Seebach was married for many years to Karen Seebach; they had three children, Nicolai Seebach, Rasmus Seebach and Marie. The marriage broke down when Seebach developed a serious addiction to alcohol. His son wrote a song about him called "Den jeg er" ("Who I am"), stating what a major influence his father had in his life in spite of his addiction.
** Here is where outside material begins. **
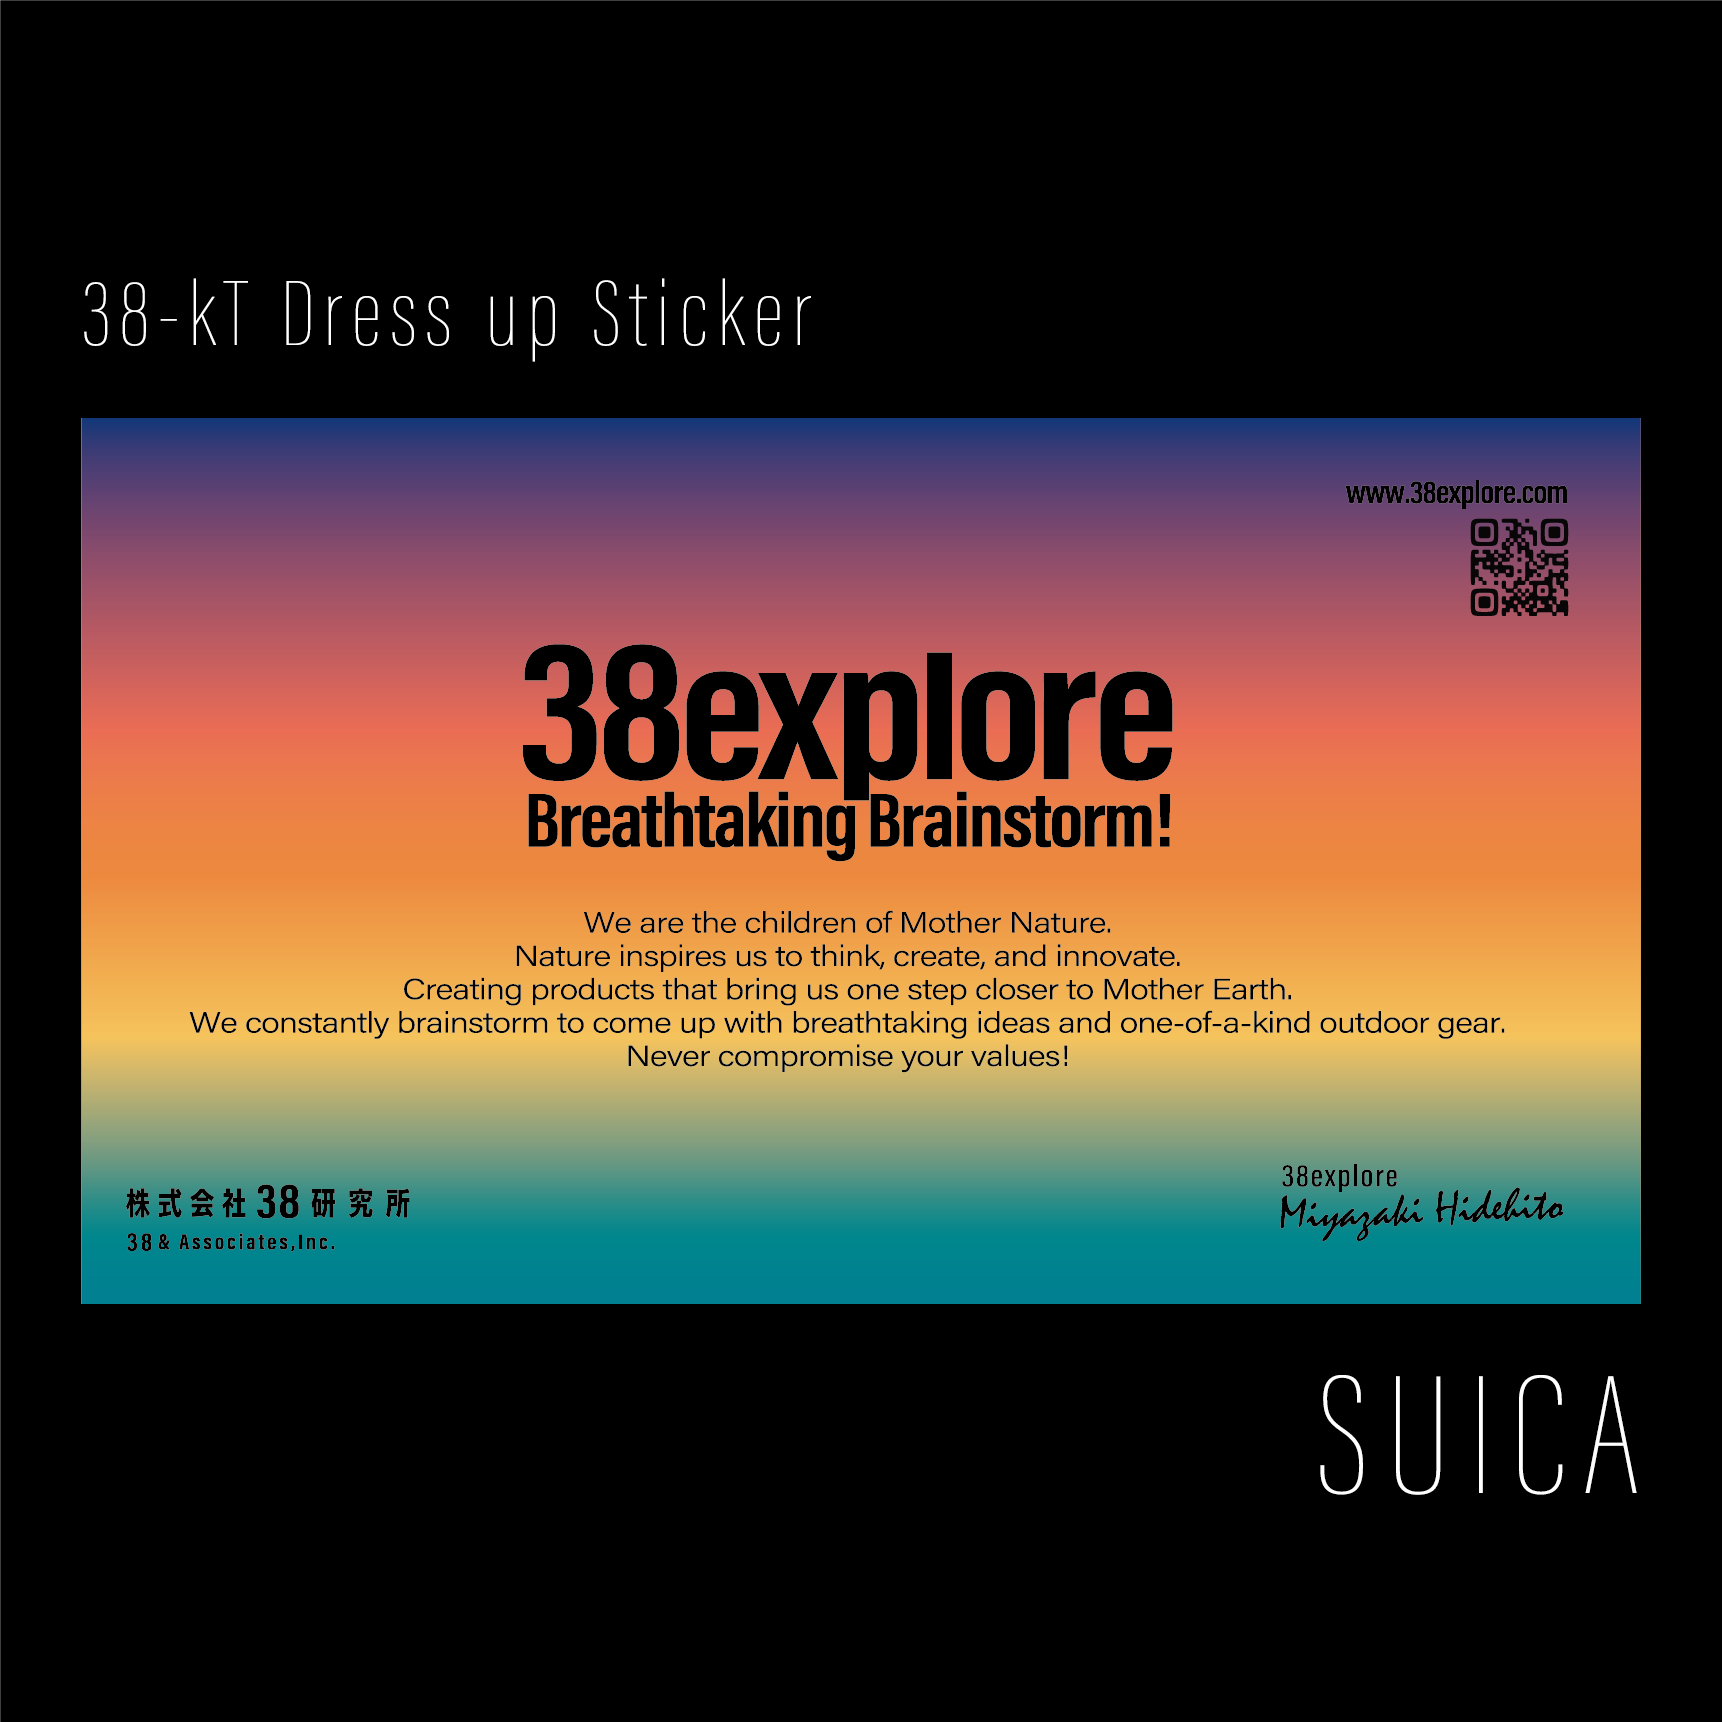 38-kT Dress up Sticker - SUICA

He died at the age of 53 at the amusement park Bakken, where he had been head of musical entertainment for several years. Although he had managed to overcome his alcoholism at the time, the cause of his death, a heart attack, was ascribed to his previous addiction.

==The documentary Tommy==
2010 saw the launch of Tommy, director Sami Saif's documentary on Seebach's life. Featuring many of Seebach's private videos, as well as television clips and interviews with his widow, children and colleagues in the industry, it documents his public performances and private life, focusing both on his successes and his personal demise.

Tommy received four stars out of six by Politiken, Berlingske Tidende and Ekstra Bladet; B.T. awarded it six stars out of six. Dagbladet Information described it as "... a story of an artist who became a victim of the musical genre which he himself had helped innovate, and who, instead of gaining the broad recognition he had longed for his entire life, ended up with a status somewhere in between national heritage and kitsch clown..." Politiken called the film "worthy, worth seeing and moving", Ekstra Bladet "a moving portrait of a man caught between the music, his family and the bottle".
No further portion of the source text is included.